Journal of Substance Abuse Treatment | 2016
Ravindra Rao; Piyali Mandal; Rishab Gupta; Prashanth Ramshankar; Ashwani Kumar Mishra; Atul Ambekar; Sonali Jhanjee; Anju Dhawan
INTRODUCTION Substance abuse and criminality share a complex relationship. The rates of substance use among the prisoners, and that of criminal acts among substance users in community setting are high. Data from South Asian countries, including from India are inadequate. This study aimed to assess the pattern of criminal acts among opioid-dependent subjects and their substance use pattern in the month before, during and after imprisonment. METHODS Using a cross-sectional study design and purposive sampling, opioid-dependent subjects (n=101) attending two community drug treatment clinics who have had any contact with the law were assessed using a specifically-designed tool to record criminal acts and substance use before, during and after last imprisonment. RESULTS Most subjects (93%) had committed illegal acts in their lifetime. Physical assault was the most common illegal act, while 23% reported selling drugs and 9% reported committing serious crimes. About 95% were arrested and 92% had spent time in police lockups. About 29% were arrested for drugs possession or drug use, and 3% of injecting drug users arrested for carrying injection equipment. About 85% had been imprisoned at least once, of whom 88% used psychoactive substances in the 1-month period before their last imprisonment. Opioids were the most common substances used daily (68%), followed by cannabis (34%) and alcohol (22%). Ninety-seven percent reported the availability of substances in prisons, and 65% also used substances during their last imprisonment.
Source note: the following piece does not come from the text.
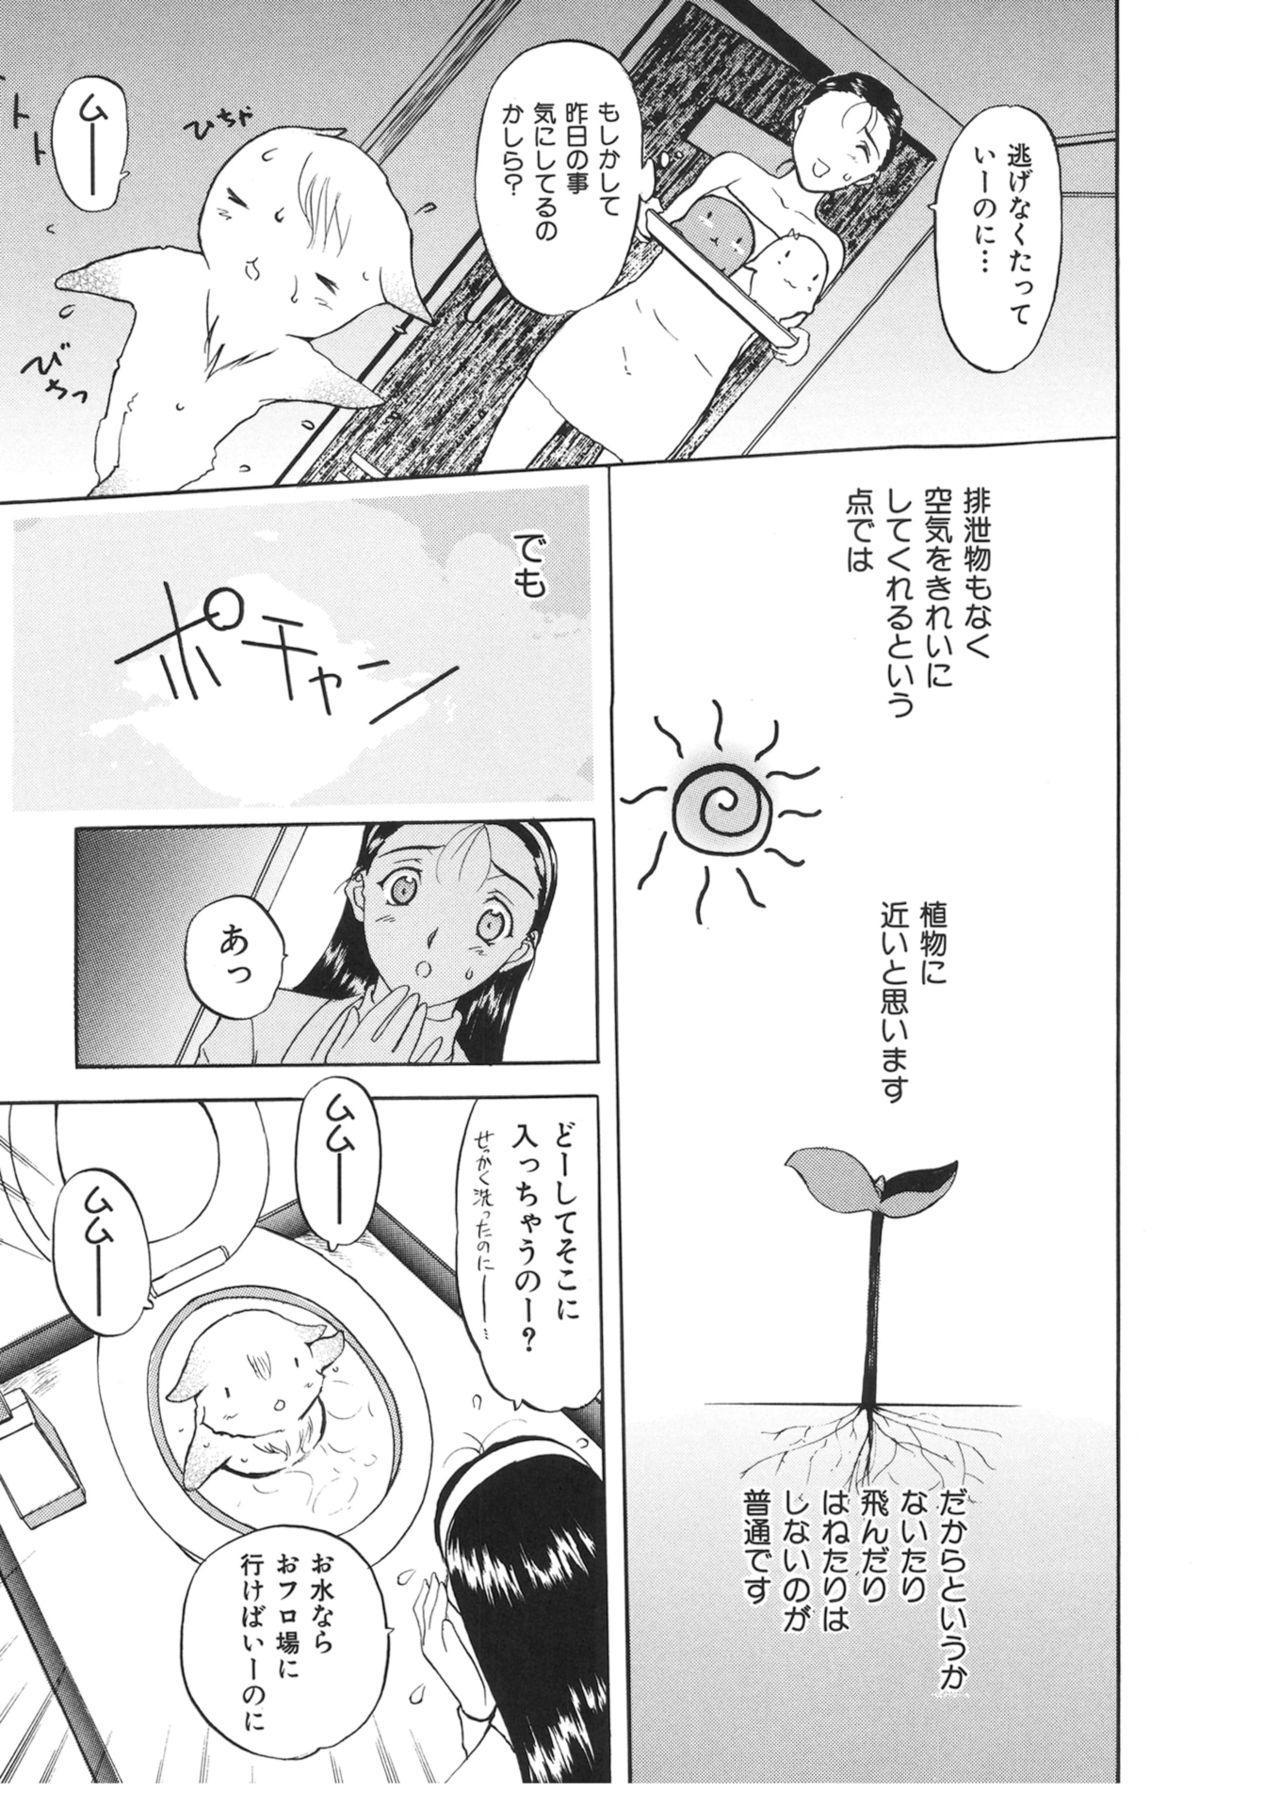 COMIC Kairakuten 25 Shuunen kinen tokubetsugou 72

Cannabis (35%) was the most common substances used in prison followed by opioids (19%). Seventy-six percent used substances soon after prison release, and 13% of opioid users experienced opioid overdose soon after prison release. Use of cannabis, injecting drugs, and opioid use before imprisonment were predictors of substance use in prison. CONCLUSION Opioid-dependent people have various contacts with the law, including imprisonment. Many users are dependent on substances during prison-entry, which is an important reason for their continued substance use in prisons. There is a need to provide substance abuse treatment across all stages of criminal justice system.